HOW TO COMPLETE THIS TASK: Every line from the one containing "Green Landscape Brochure" through the end of the listing below must be given again exactly, and nothing else; exclude pictures.

DATA EXCERPT:
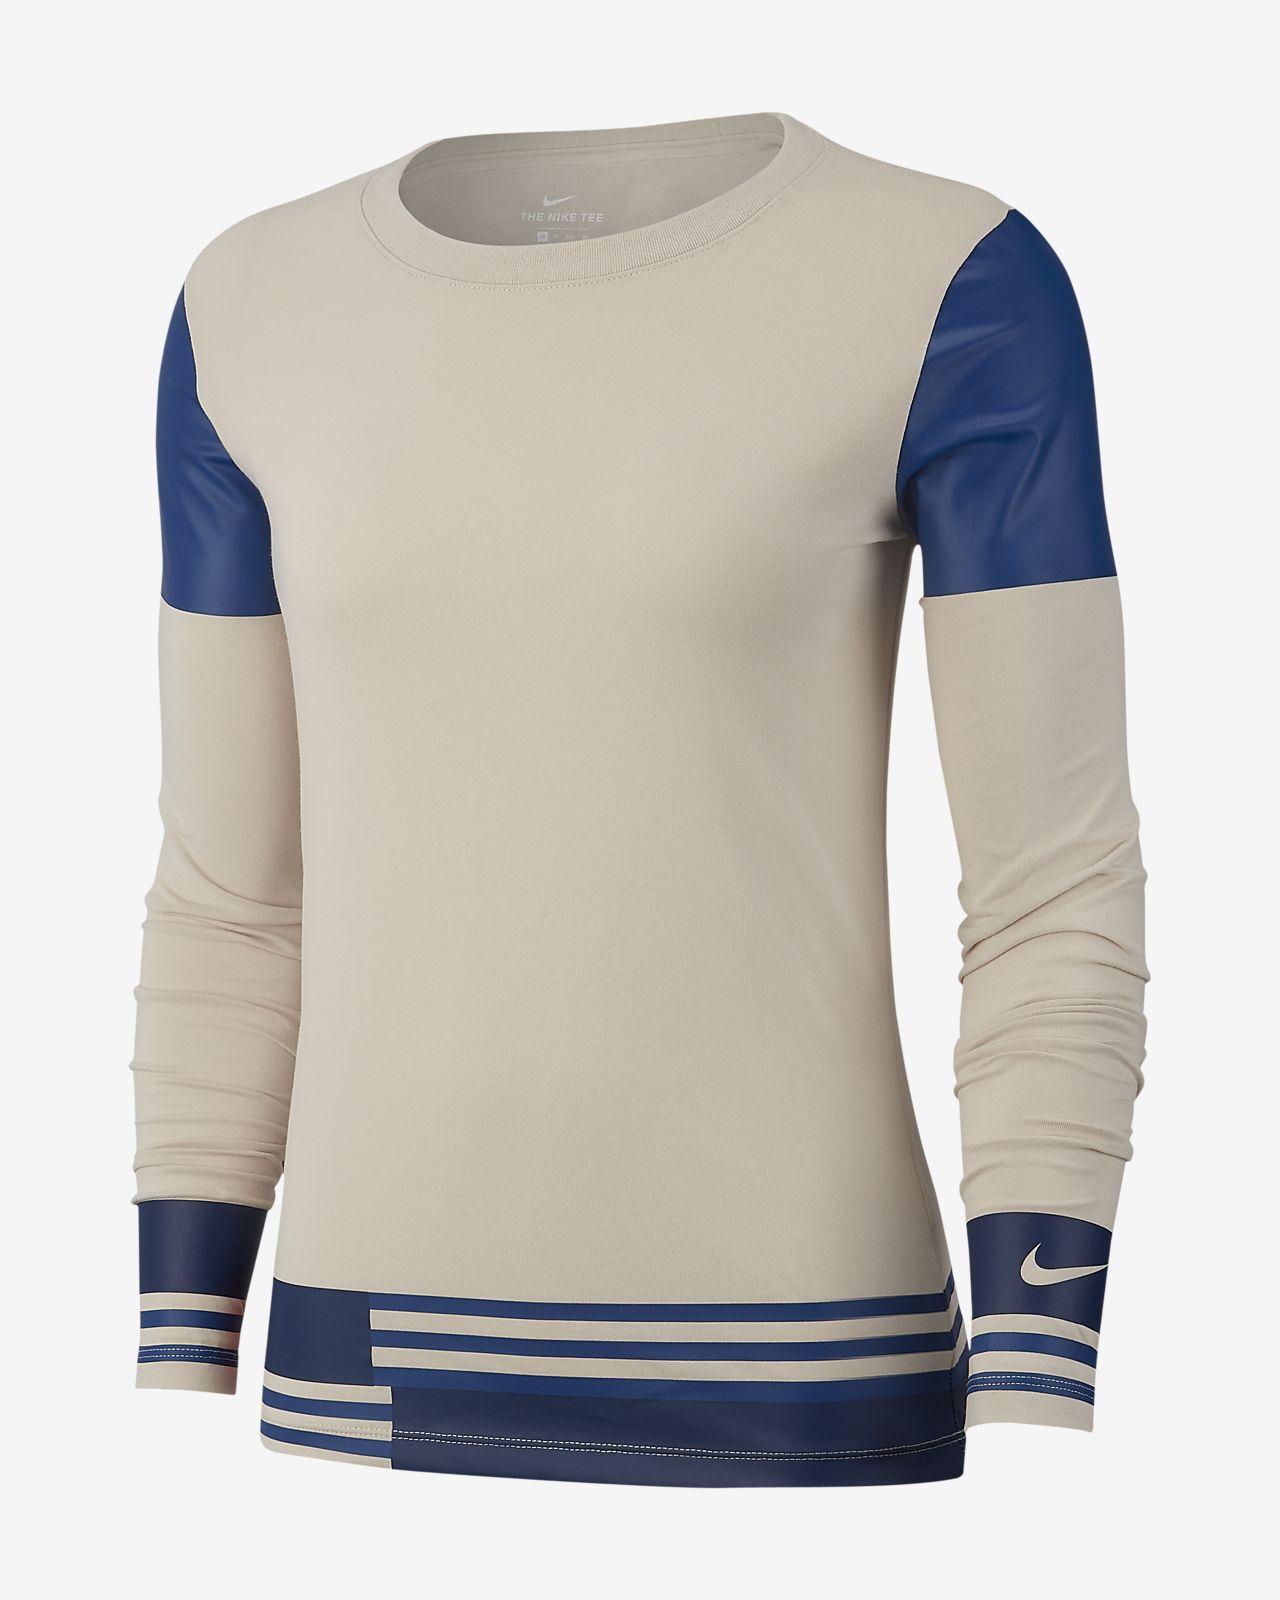 Running À Pour Manches De Tee Nike Dri Fit Femme Shirt Longues tSwpSEUq
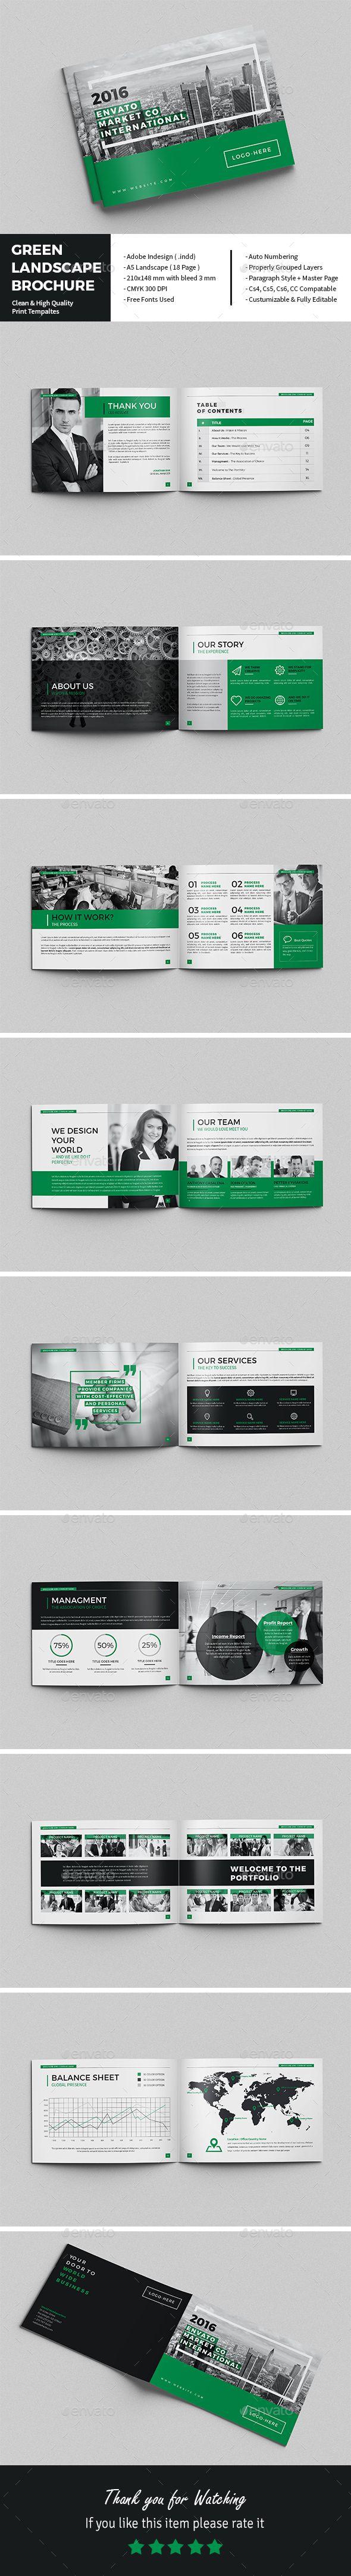 Green Landscape Brochure Template InDesign INDD. Download here: https://graphicriver.net/item/green-landscape-brochure/17205438?ref=ksioks
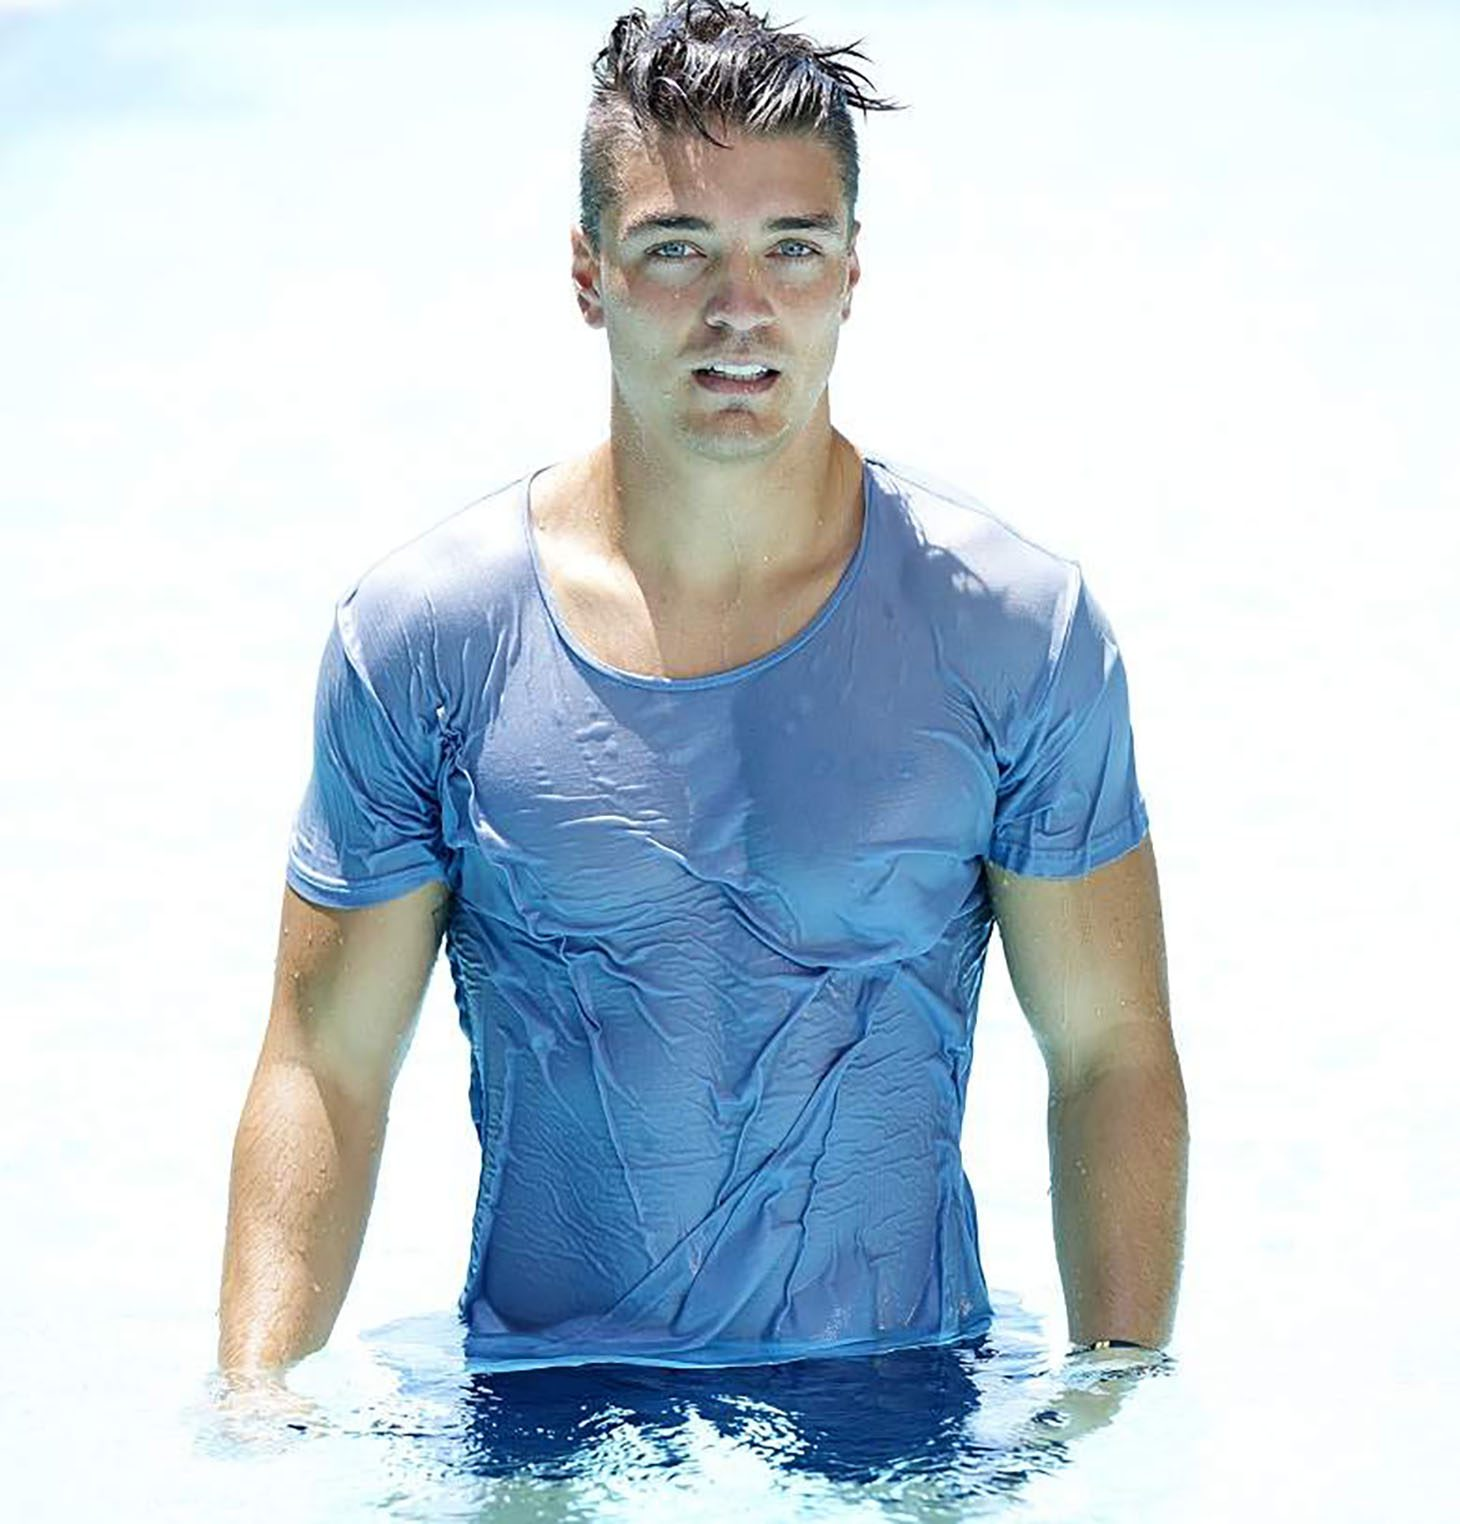 fb862c5a9d My Bachelor In Paradise Secret | Jillian Harris | Bloglovin'
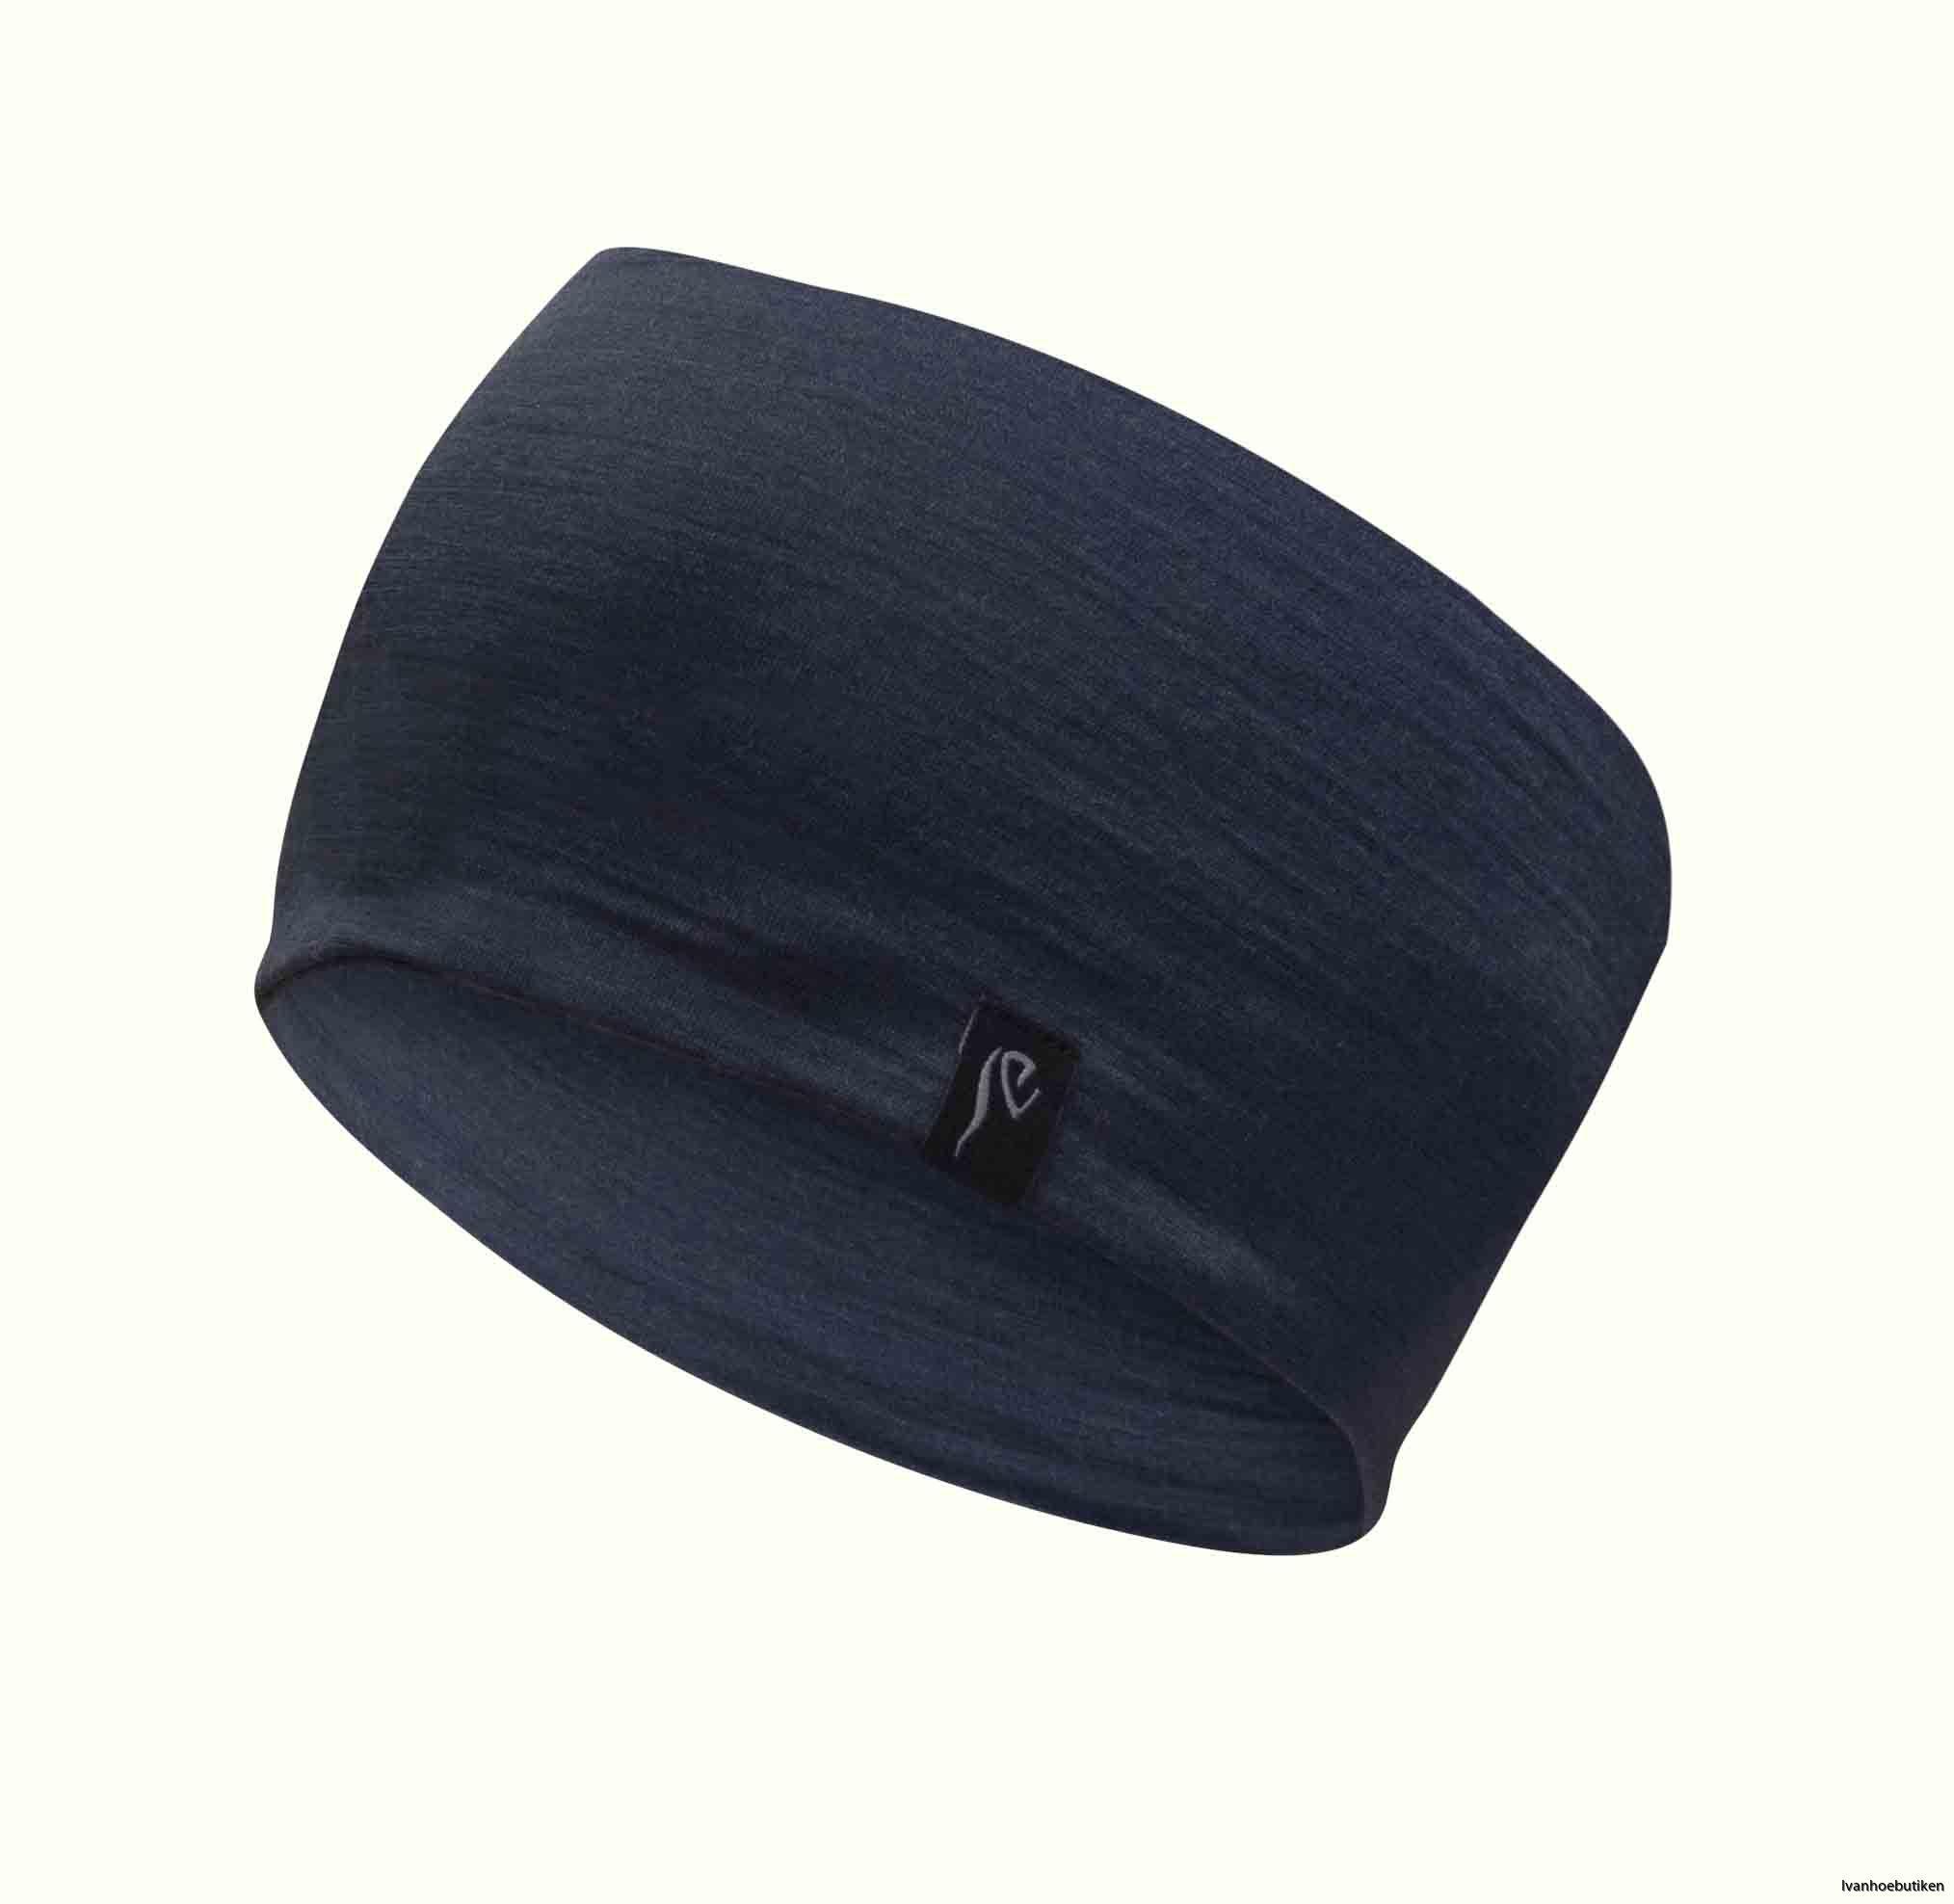 UW_headband_617_low

EXERCISE RESPONSE:
 Green Landscape Brochure Template InDesign INDD. Download here: https://graphicriver.net/item/green-landscape-brochure/17205438?ref=ksioks
 fb862c5a9d My Bachelor In Paradise Secret | Jillian Harris | Bloglovin'
 UW_headband_617_low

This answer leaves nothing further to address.